BEGIN GIVEN MATERIAL

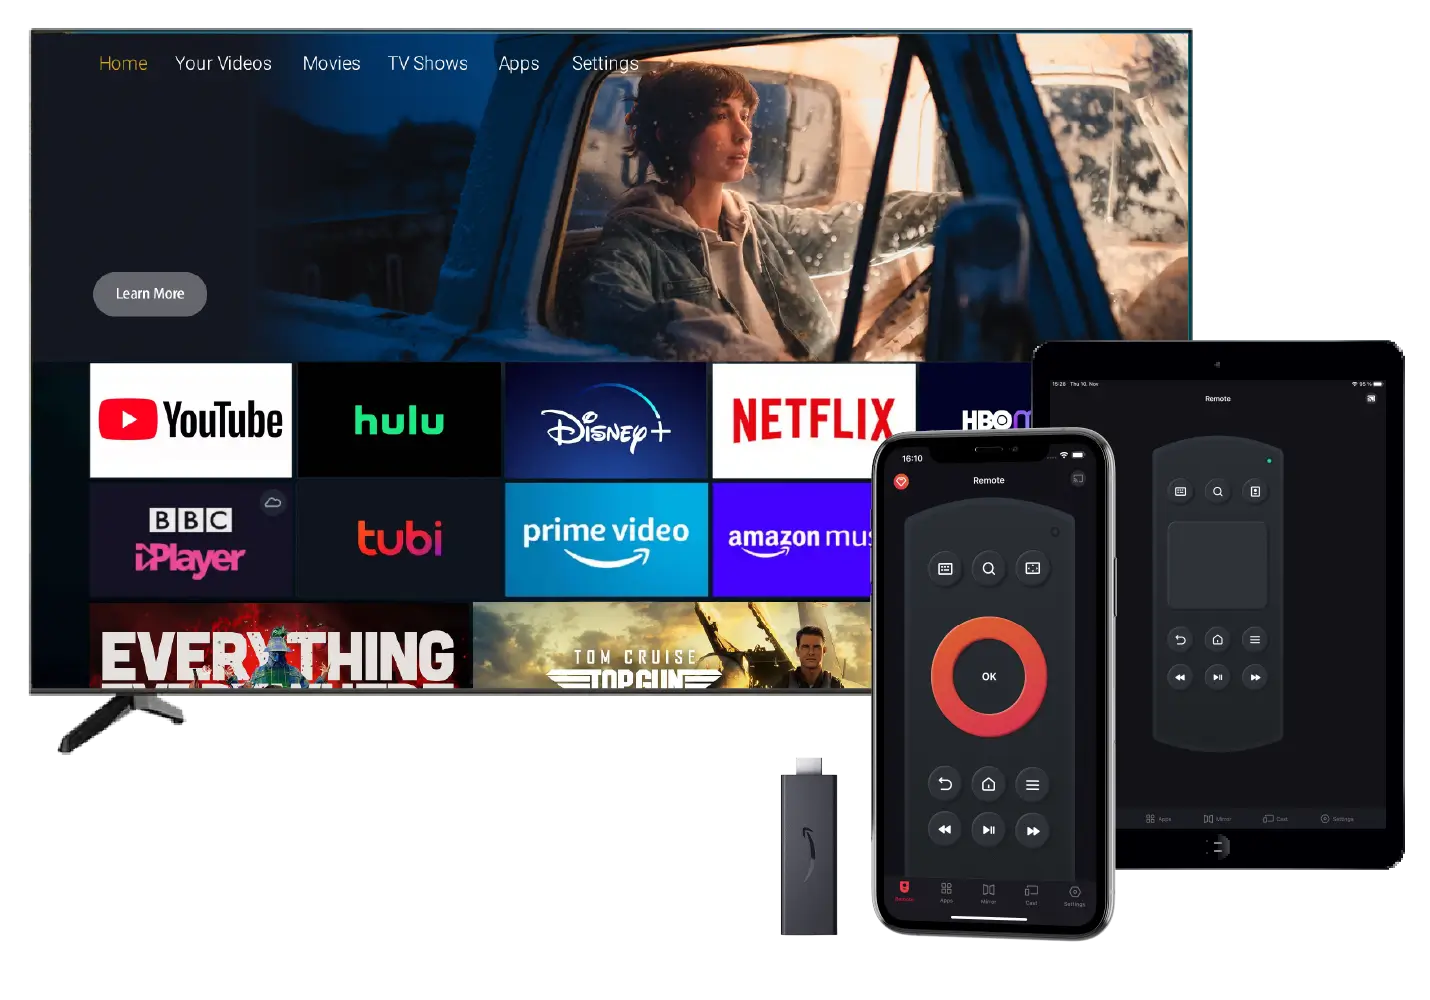 How To Cast To Firestick From Android?, Free App
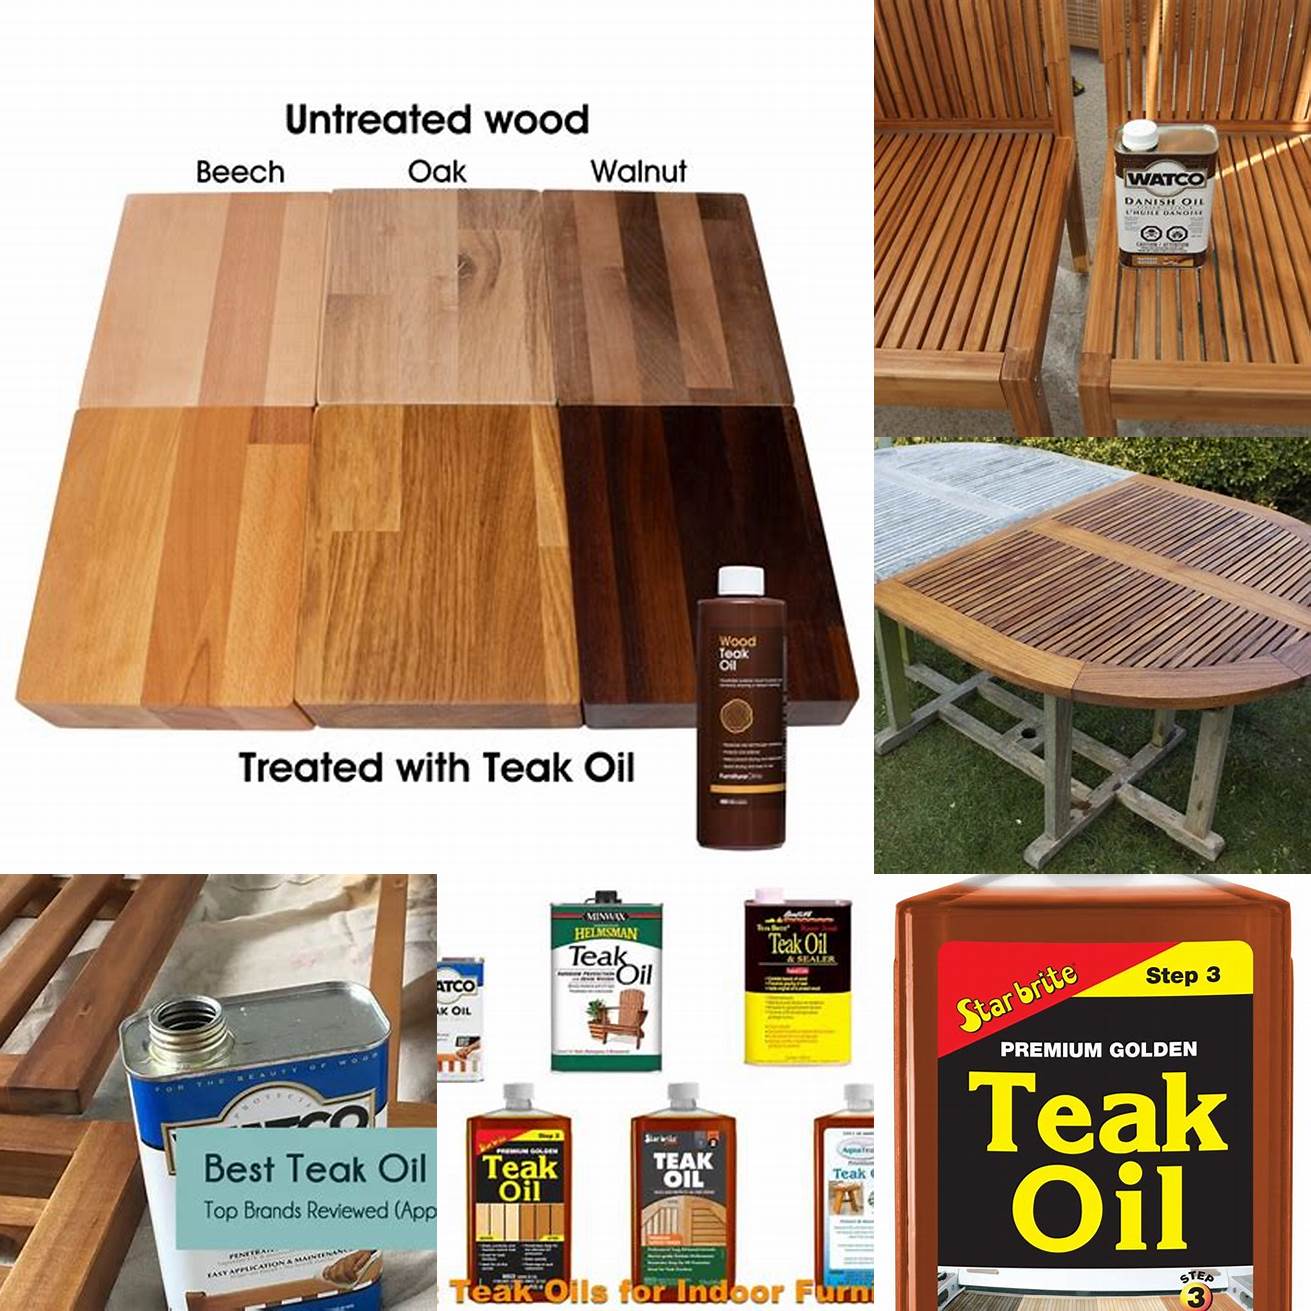 Photos of different types of teak oil
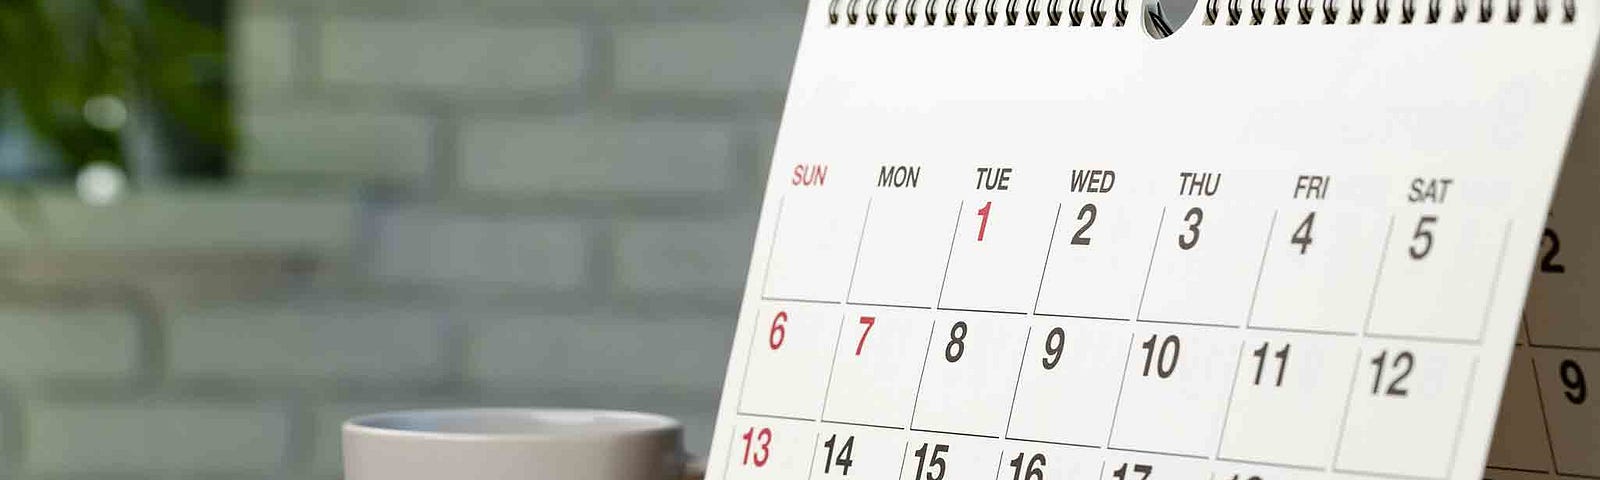 Unmarked calendar propped up on a desk, next to pen, paper, glasses and coffee mug.

END GIVEN MATERIAL

_WHAT YOU WILL DO_
Every line of the listing should be copied precisely, with images omitted.

_ANSWER TO THE PROBLEM_
 How To Cast To Firestick From Android?, Free App
 Photos of different types of teak oil
 Unmarked calendar propped up on a desk, next to pen, paper, glasses and coffee mug.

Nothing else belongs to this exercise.